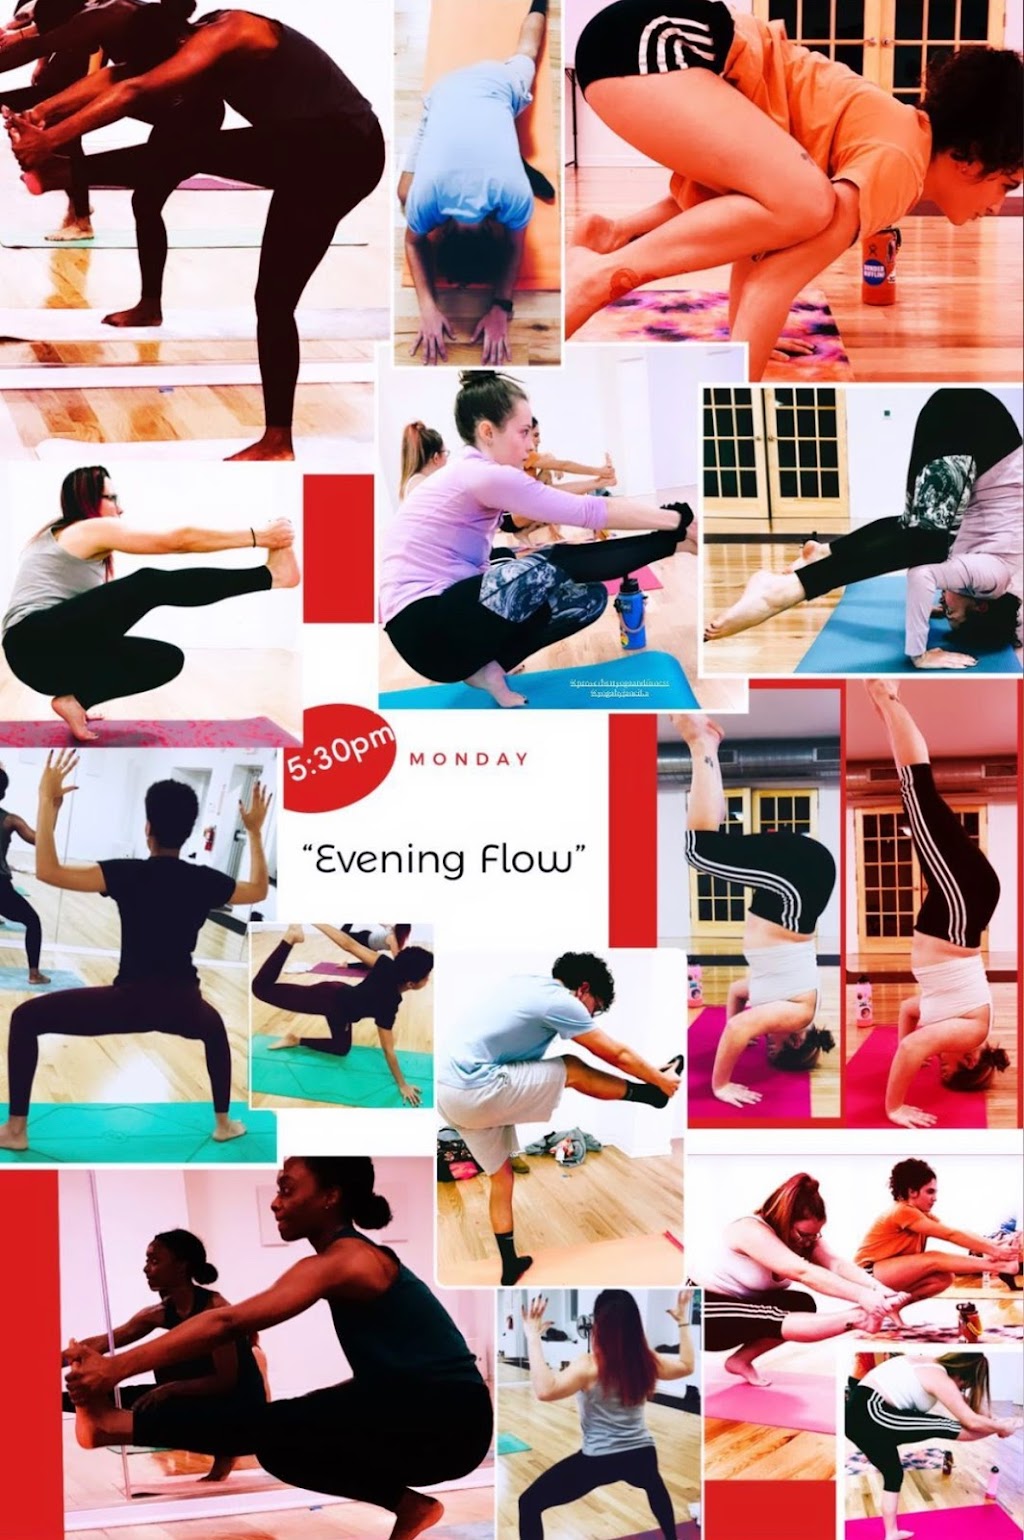 Proverbs 31 Yoga and Fitness | 1554 S Delsea Dr, Vineland, NJ 08360 | Phone: (856) 447-2240
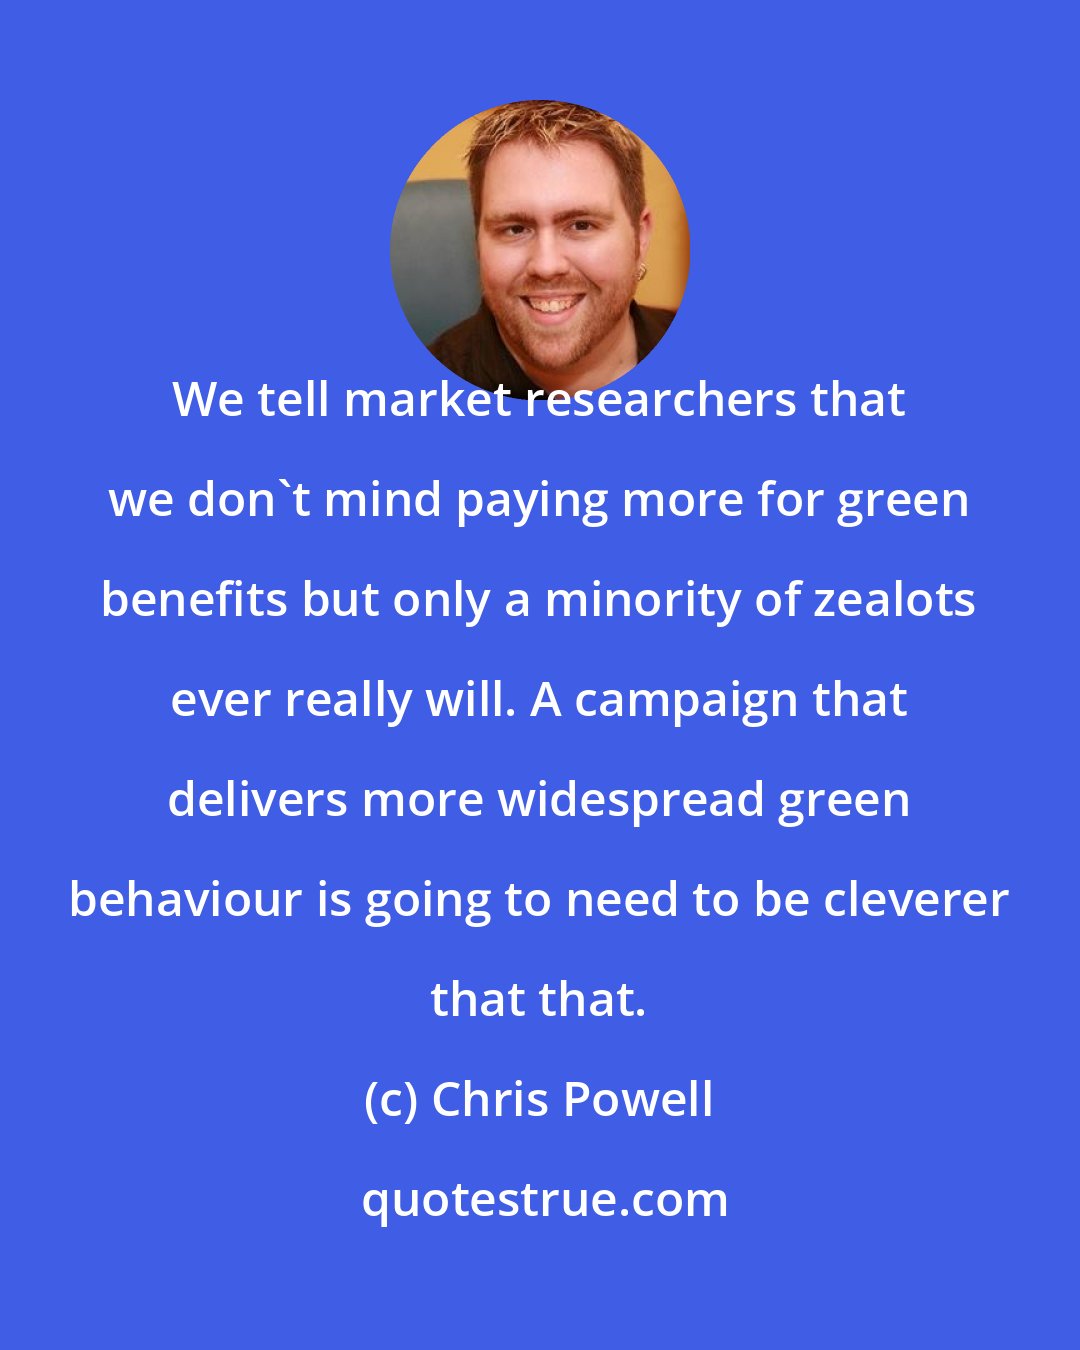 Chris Powell: We tell market researchers that we don't mind paying more for green benefits but only a minority of zealots ever really will. A campaign that delivers more widespread green behaviour is going to need to be cleverer that that.
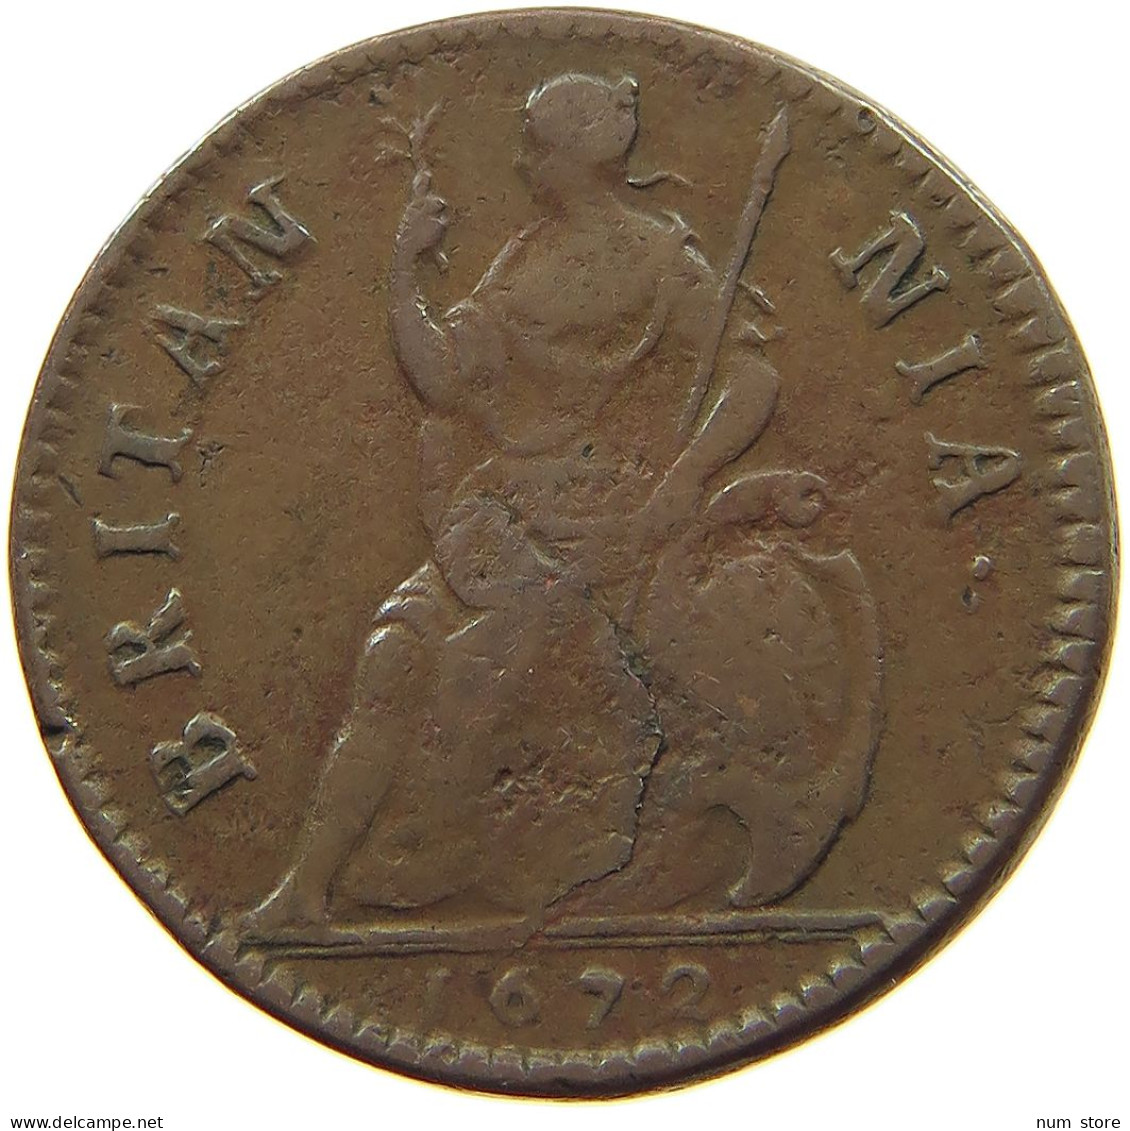 GREAT BRITAIN FARTHING 1672 CHARLES II. (1660-1685) #t149 0217 - A. 1 Farthing

• [Instructions for the task] Reproduce word for word the lines from the line holding "Chris Powell: We" through the last line of the material above, inclusive, and keep pictures out of it.

• [Task solution]
 Chris Powell: We tell market researchers that we don't mind paying more for green benefits but only a minority of zealots ever really will. A campaign that delivers more widespread green behaviour is going to need to be cleverer that that.
 GREAT BRITAIN FARTHING 1672 CHARLES II. (1660-1685) #t149 0217 - A. 1 Farthing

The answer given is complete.